### YOUR TASK
Write out the full listing exactly as given, minus the images.

### MATERIAL PROVIDED
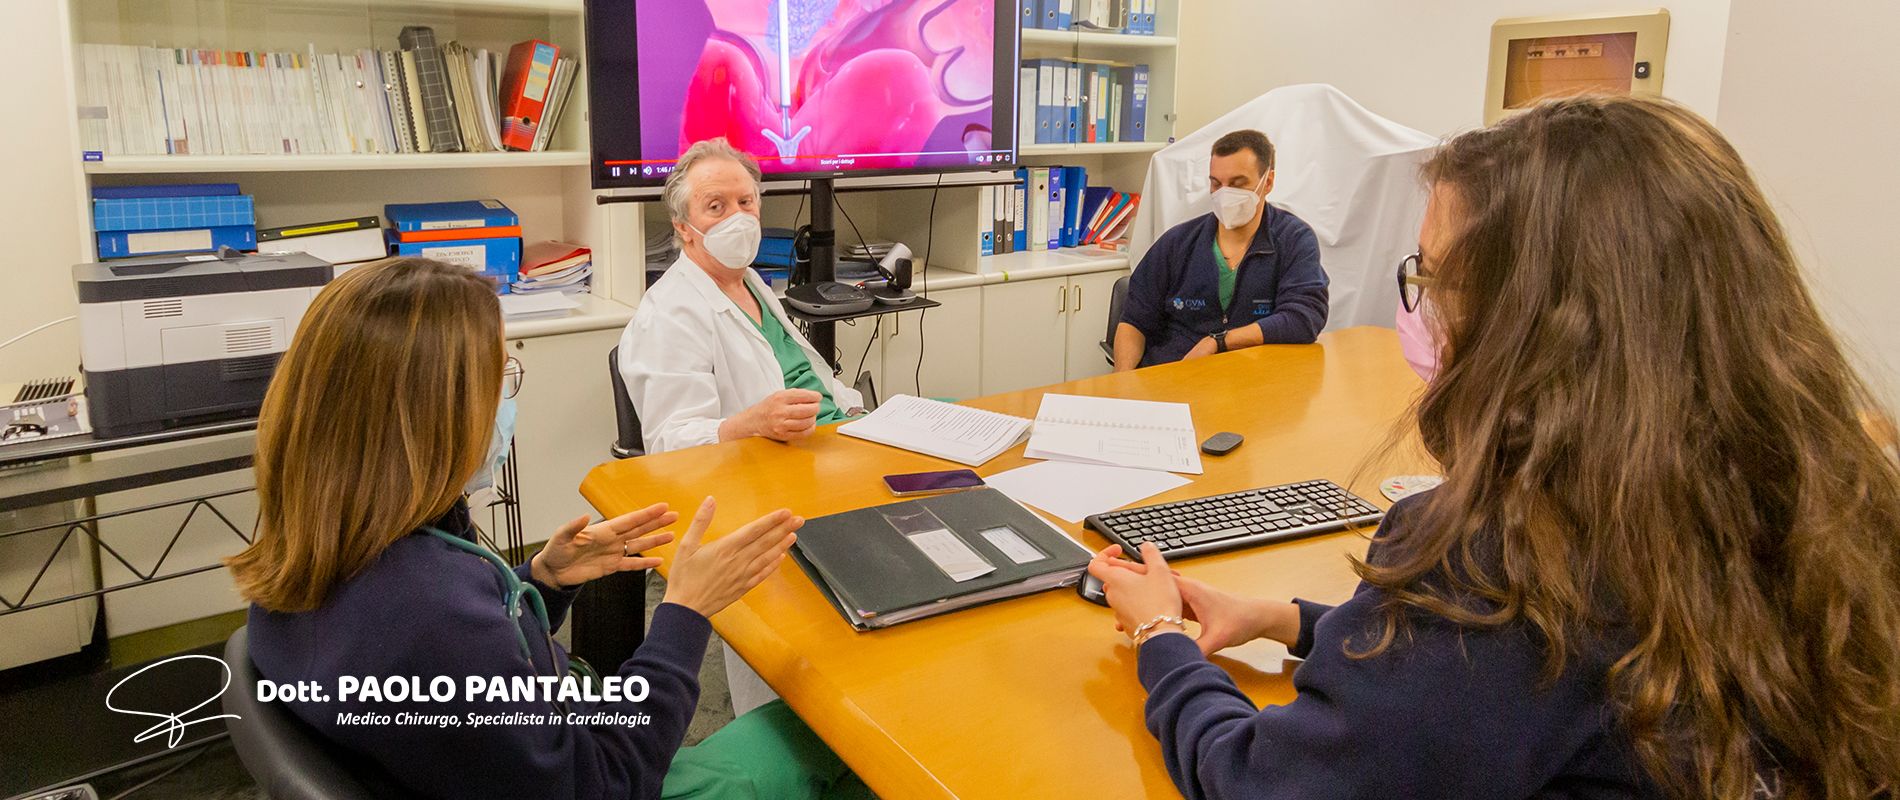 Dott. Paolo Pantaleo - Chirurgo Cardiologo ICLAS Rapallo Genova
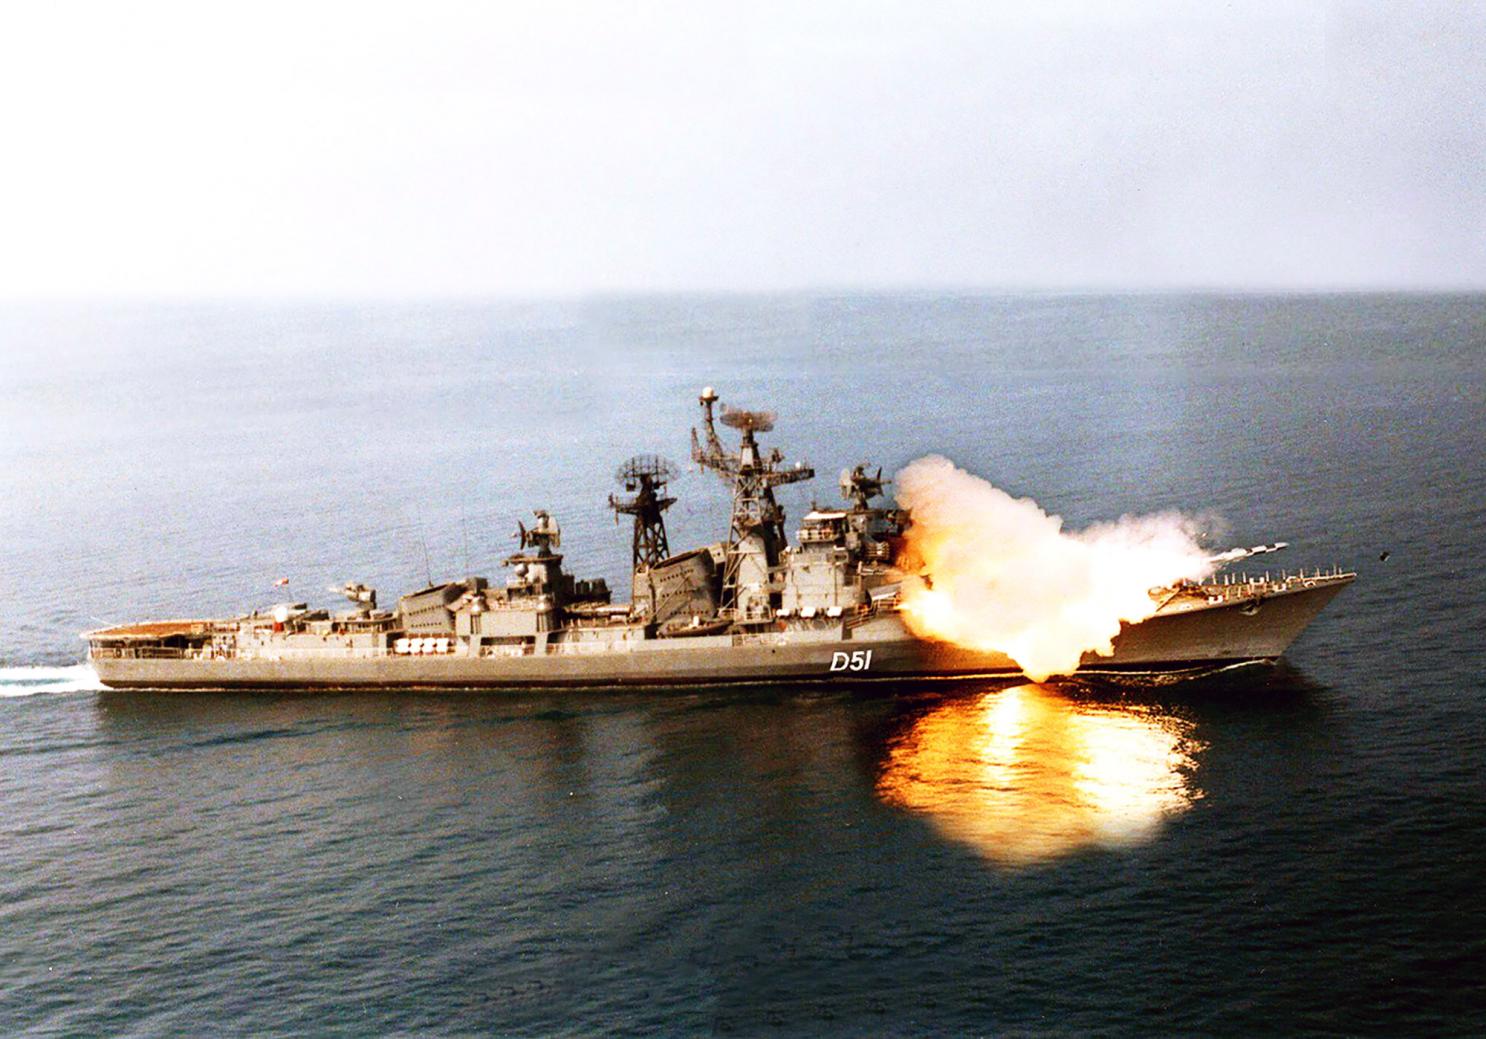 Θα χρησιμοποιήσει Brahmos για να πλήξει το ναύσταθμο στο Καράτσι το ινδικό Ναυτικό;
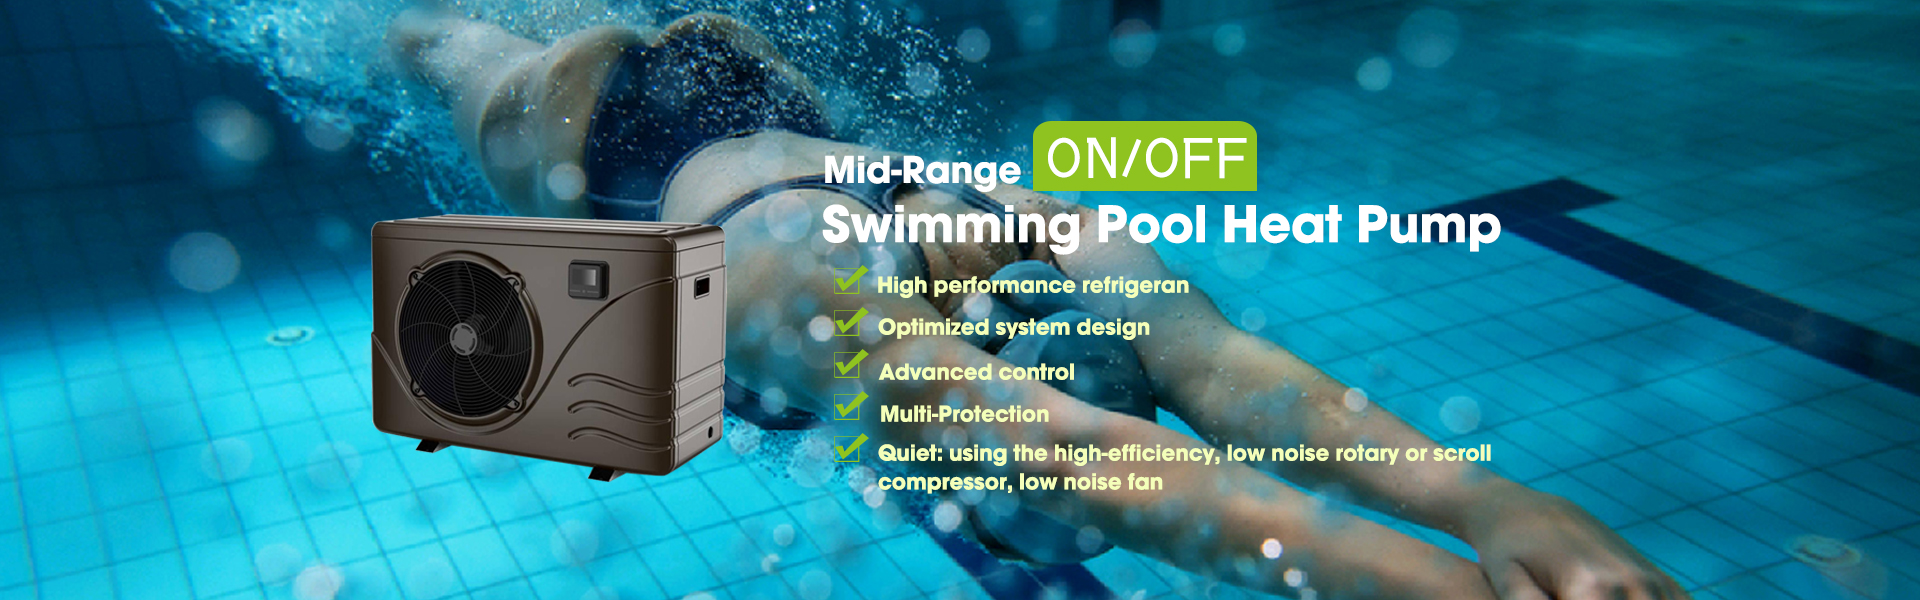 Mid-range ON/OFF Swimming Pool Heat Pump

### WRITTEN RESPONSE
 Dott. Paolo Pantaleo - Chirurgo Cardiologo ICLAS Rapallo Genova
 Θα χρησιμοποιήσει Brahmos για να πλήξει το ναύσταθμο στο Καράτσι το ινδικό Ναυτικό;
 Mid-range ON/OFF Swimming Pool Heat Pump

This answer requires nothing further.